[Start of section]

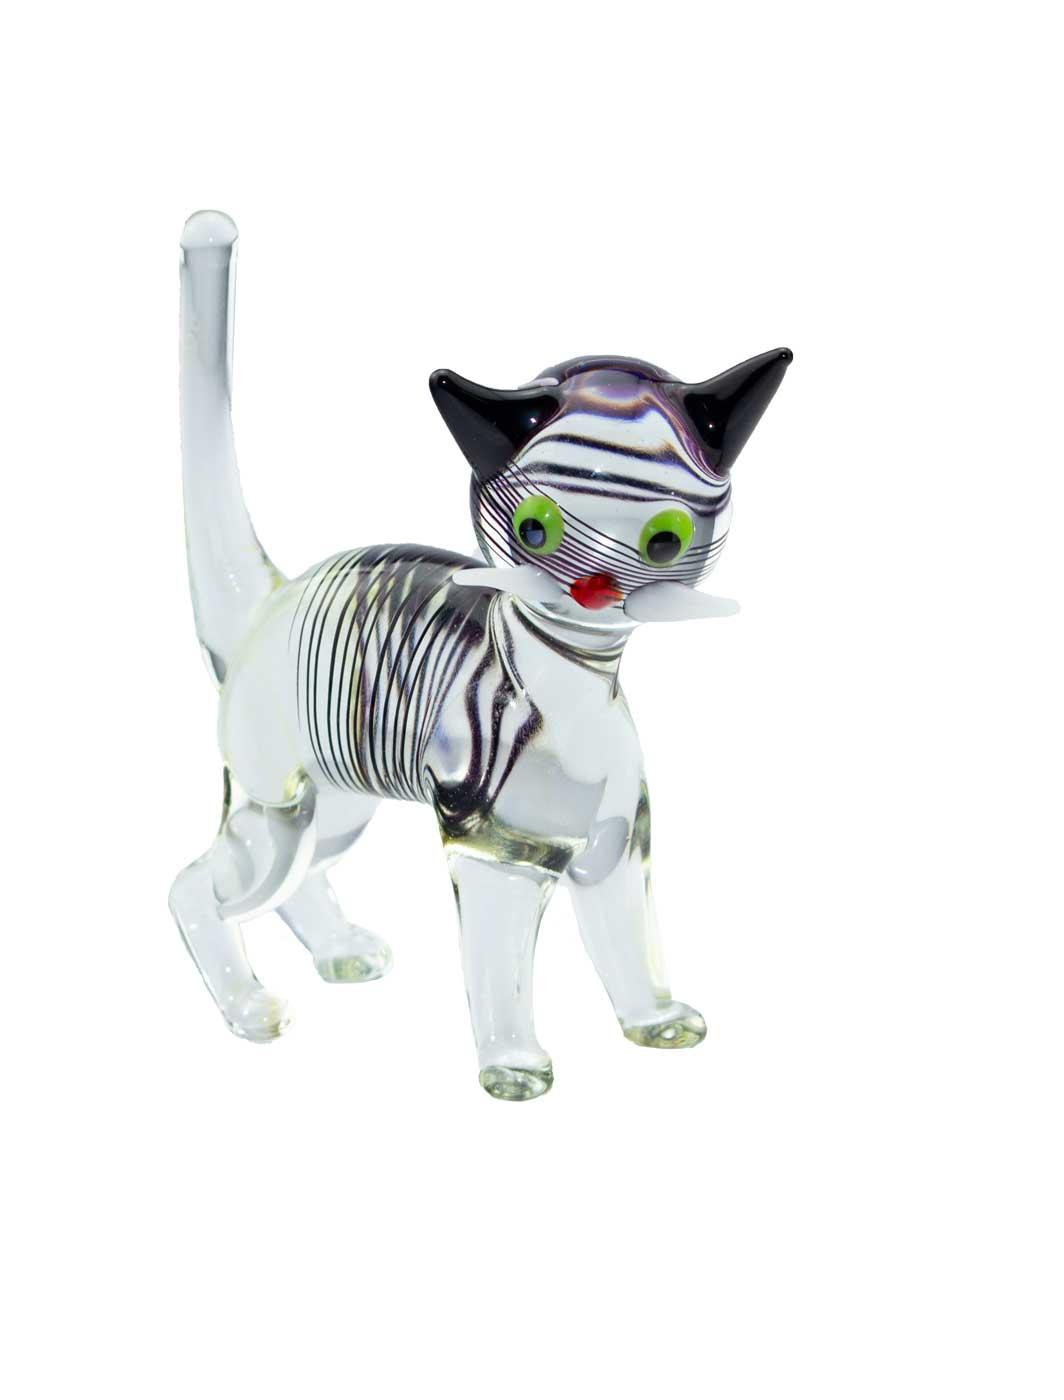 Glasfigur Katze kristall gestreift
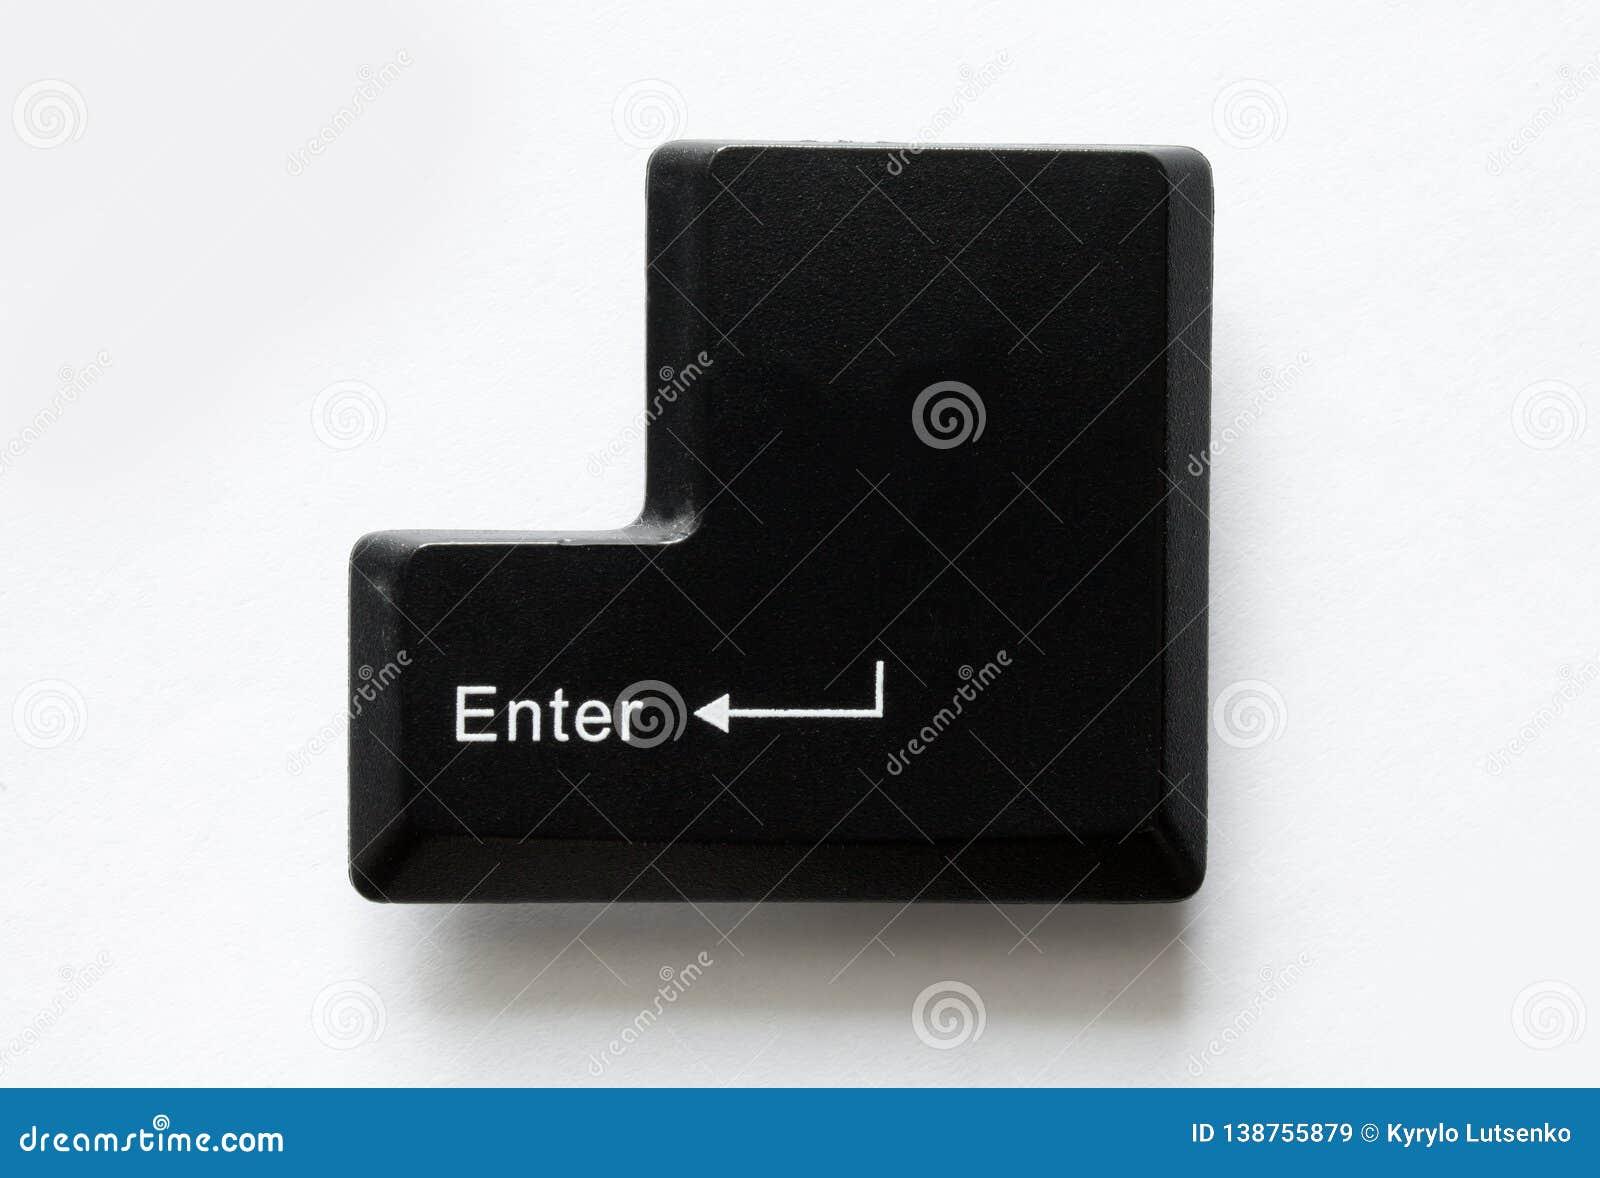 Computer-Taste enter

[End of section]
[Start of section]

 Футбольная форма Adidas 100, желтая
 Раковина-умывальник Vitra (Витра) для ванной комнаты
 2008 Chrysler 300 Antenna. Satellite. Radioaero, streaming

[End of section]

Problem statement:
Looking at the data above, write out exactly the lines that start at the one containing "Футбольная форма Adidas 100, желтая" and end at the one containing "2008 Chrysler 300"; include both and nothing beyond.

Result for this task:
 Футбольная форма Adidas 100, желтая
 Раковина-умывальник Vitra (Витра) для ванной комнаты
 2008 Chrysler 300 Antenna. Satellite. Radioaero, streaming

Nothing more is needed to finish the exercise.